■ ASSIGNMENT
Omit the pictures. Transcribe exactly the lines below, from the one with "Illusion setting Diamond" up to and including the last.

■ EXERCISE DATA

######

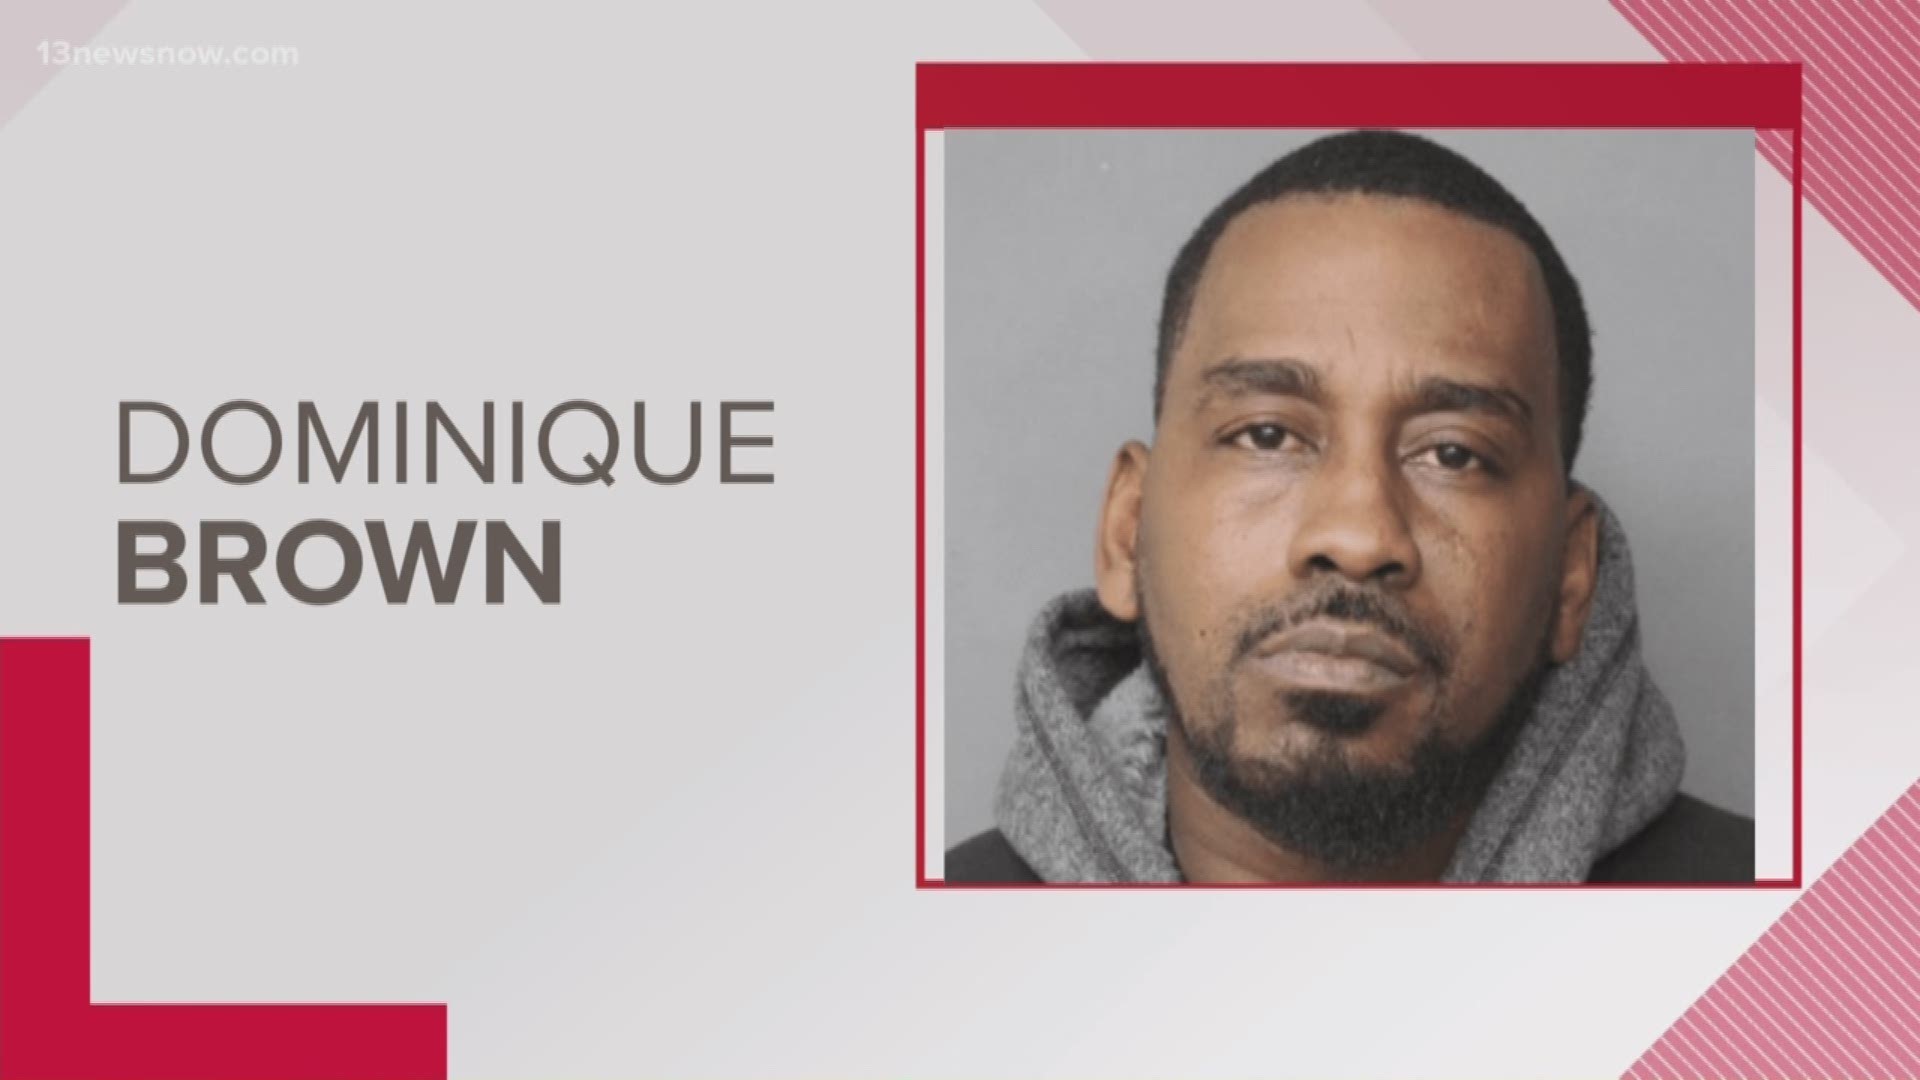 Dominique Brown, 41, was arrested after taking a woman hostage which prompted a barricade situation at a home on Wellington Street in Norfolk.
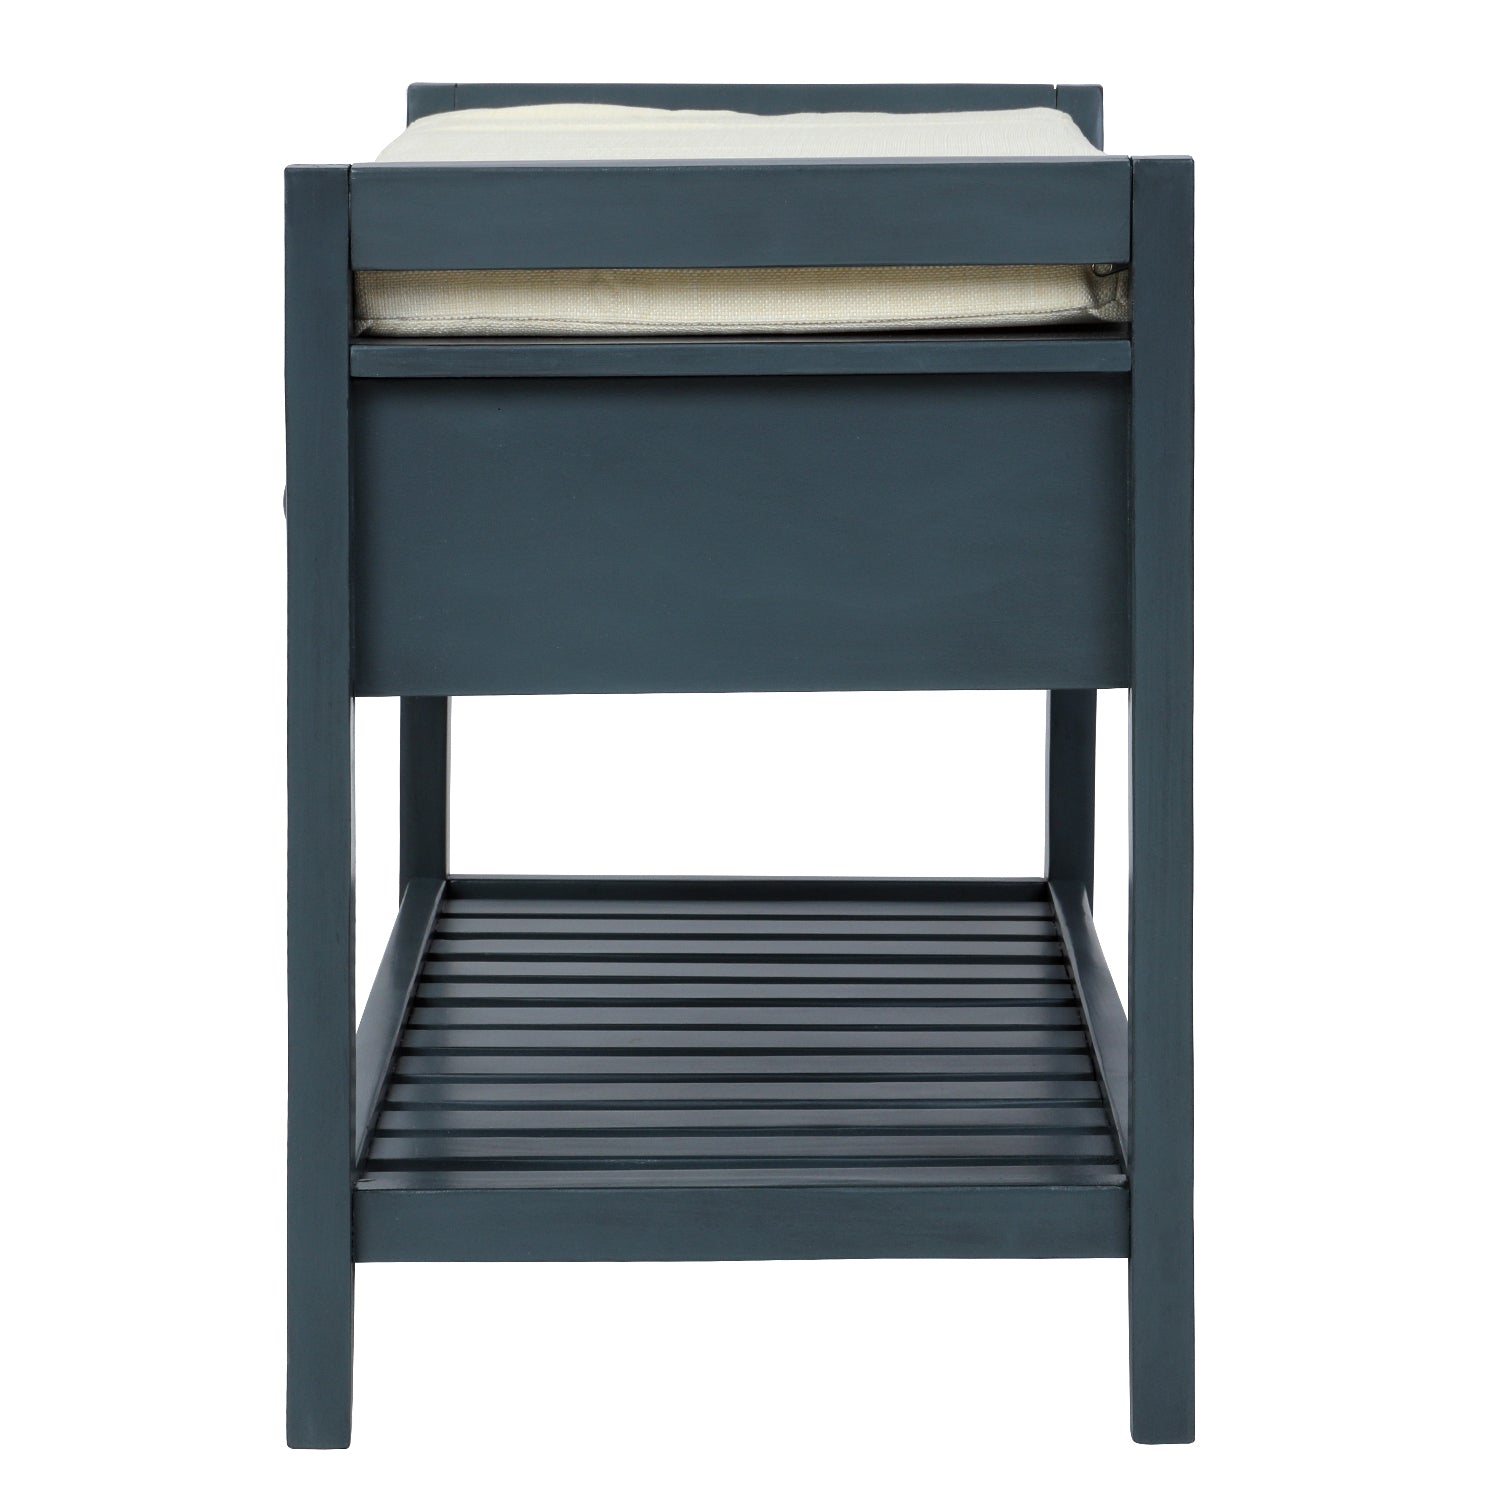 TREXM Shoe Rack with Upholstered Seat (Antique Navy)
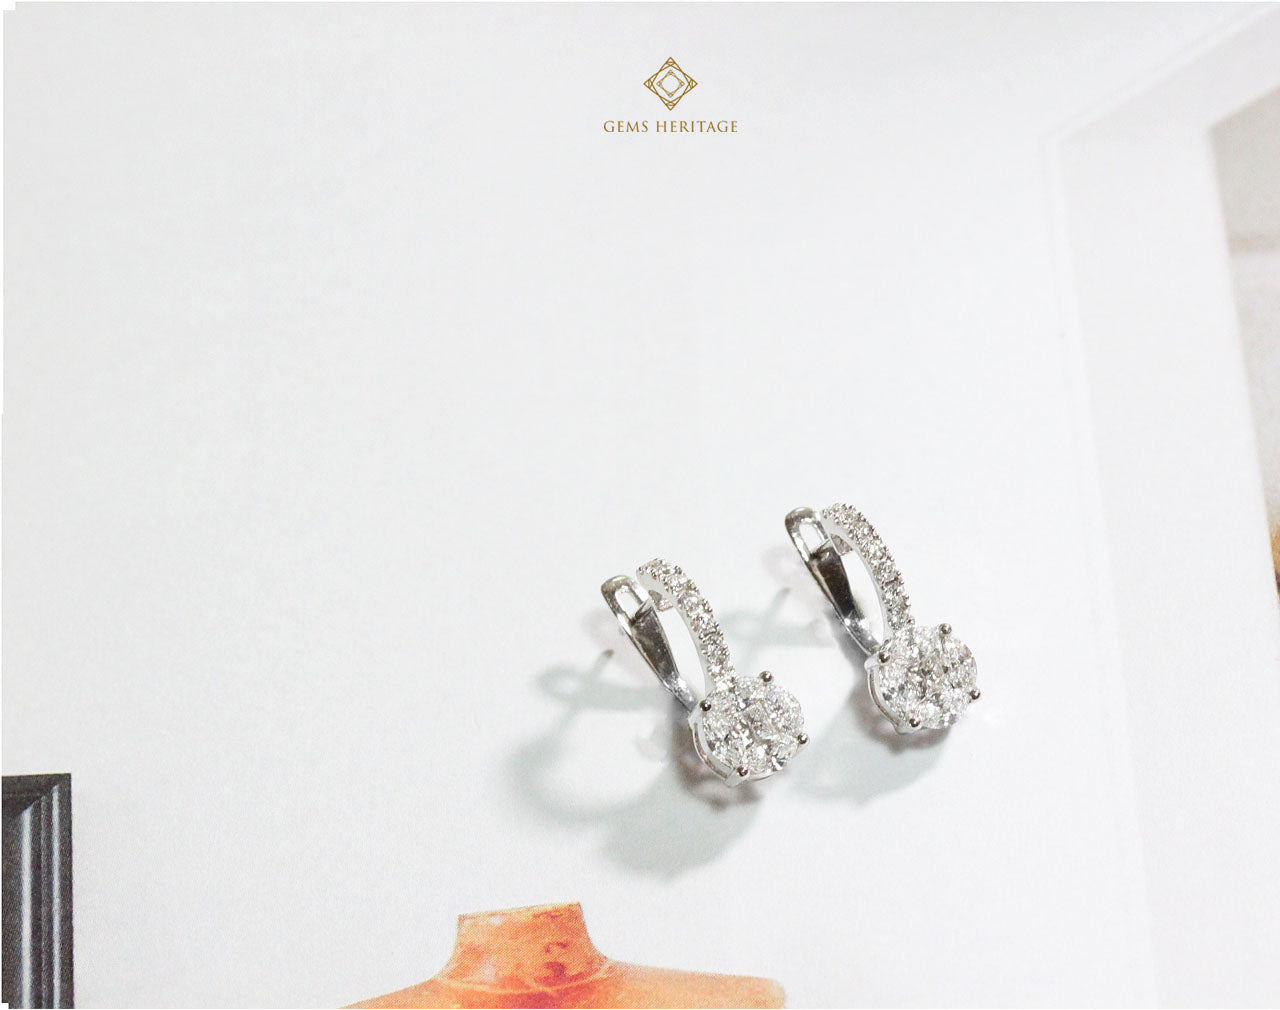 Illusion setting Diamond earrings with small hoops (erwg089)
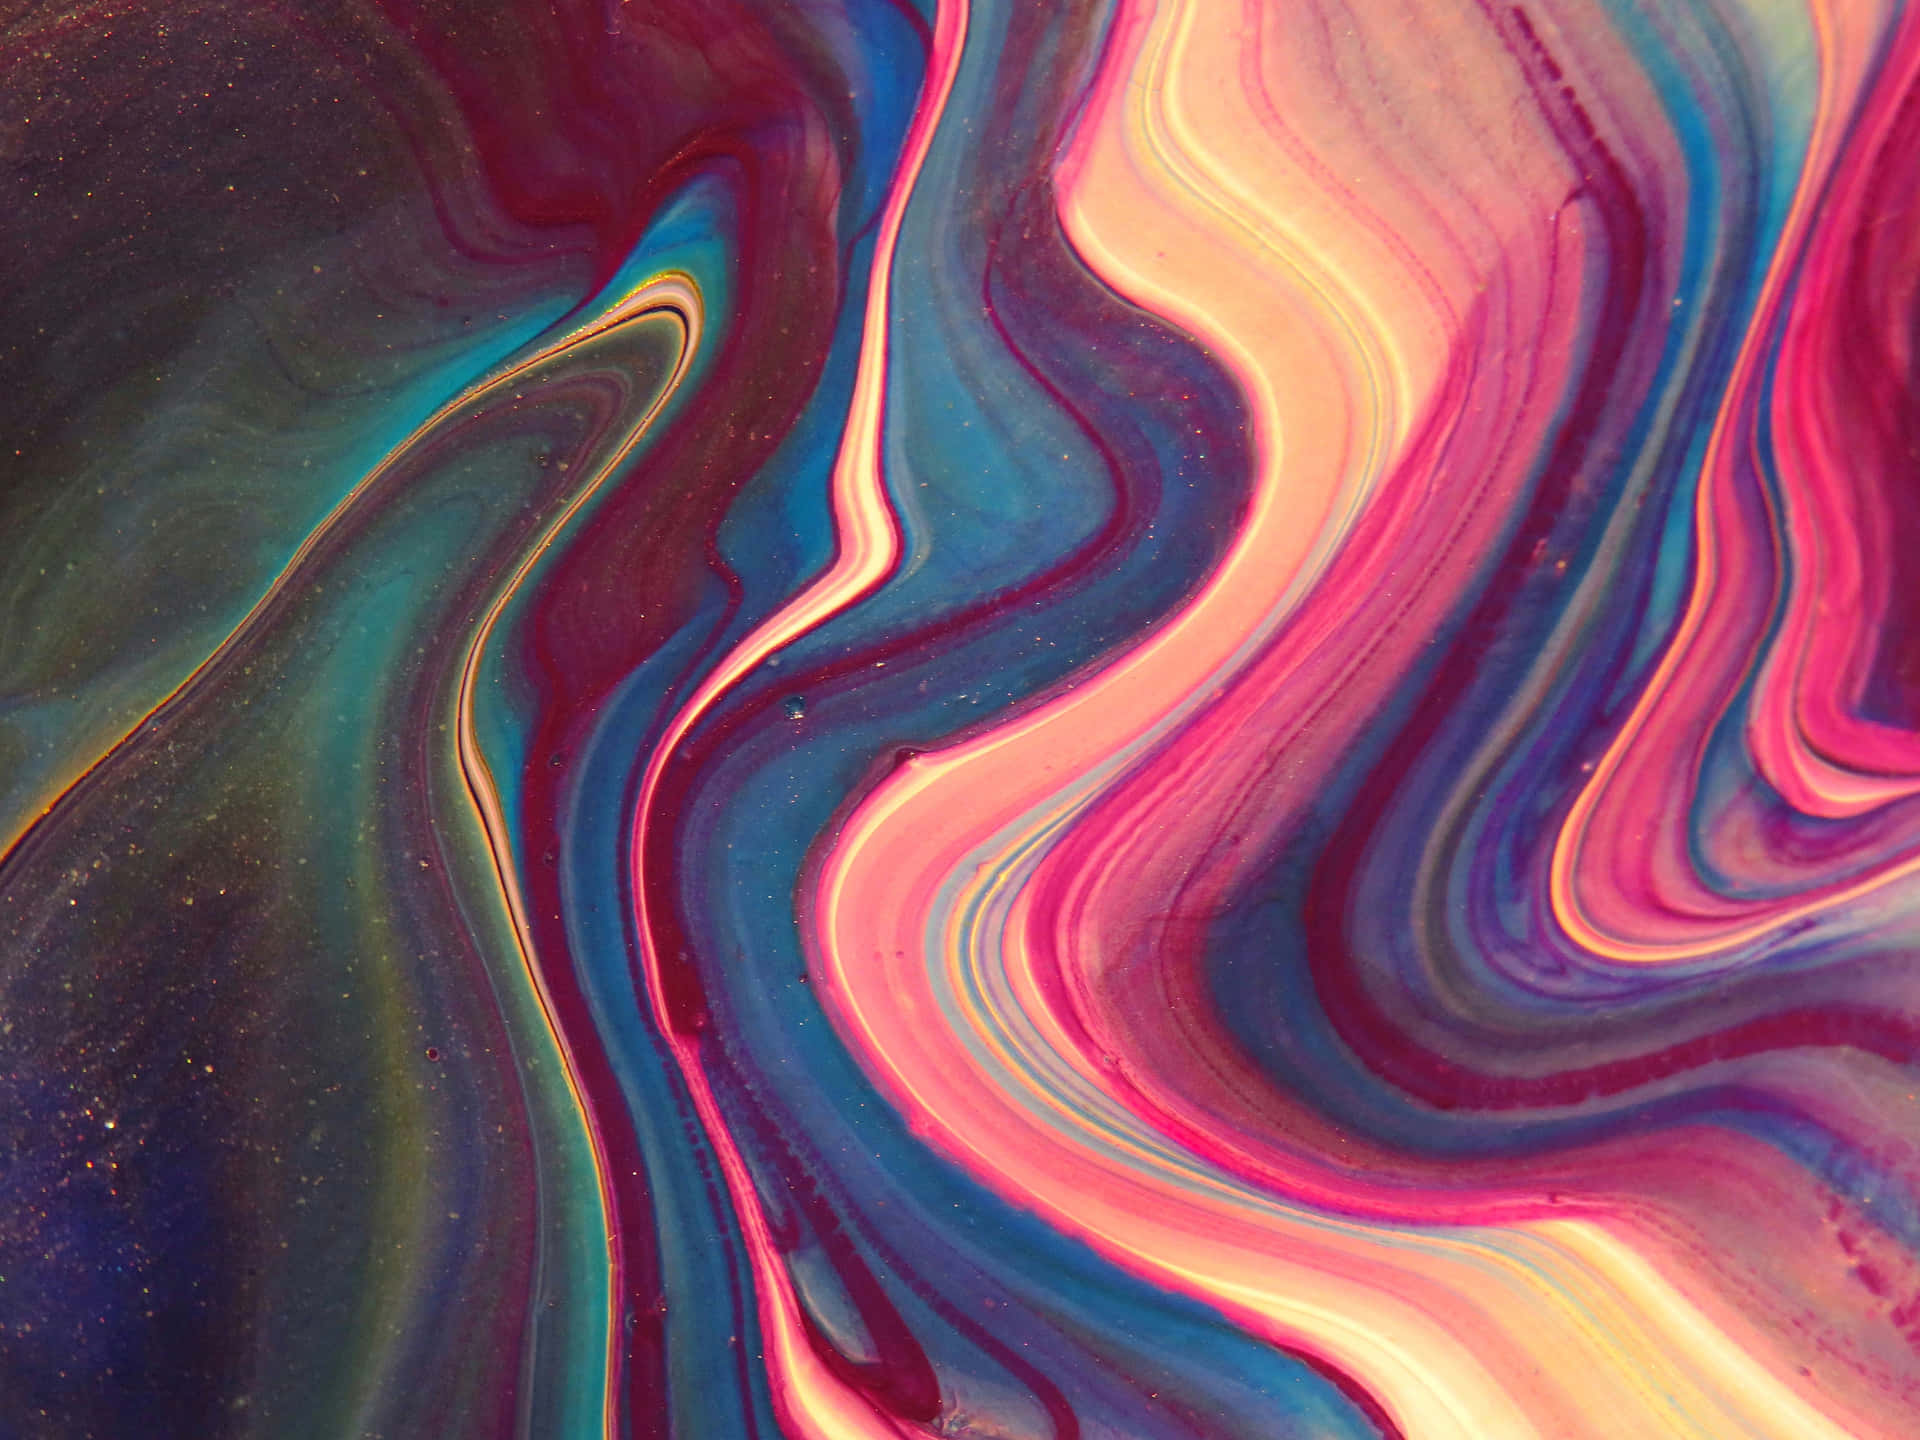 Captivating swirl of colors Wallpaper

######

■ EXERCISE RESULT
 Illusion setting Diamond earrings with small hoops (erwg089)
 Captivating swirl of colors Wallpaper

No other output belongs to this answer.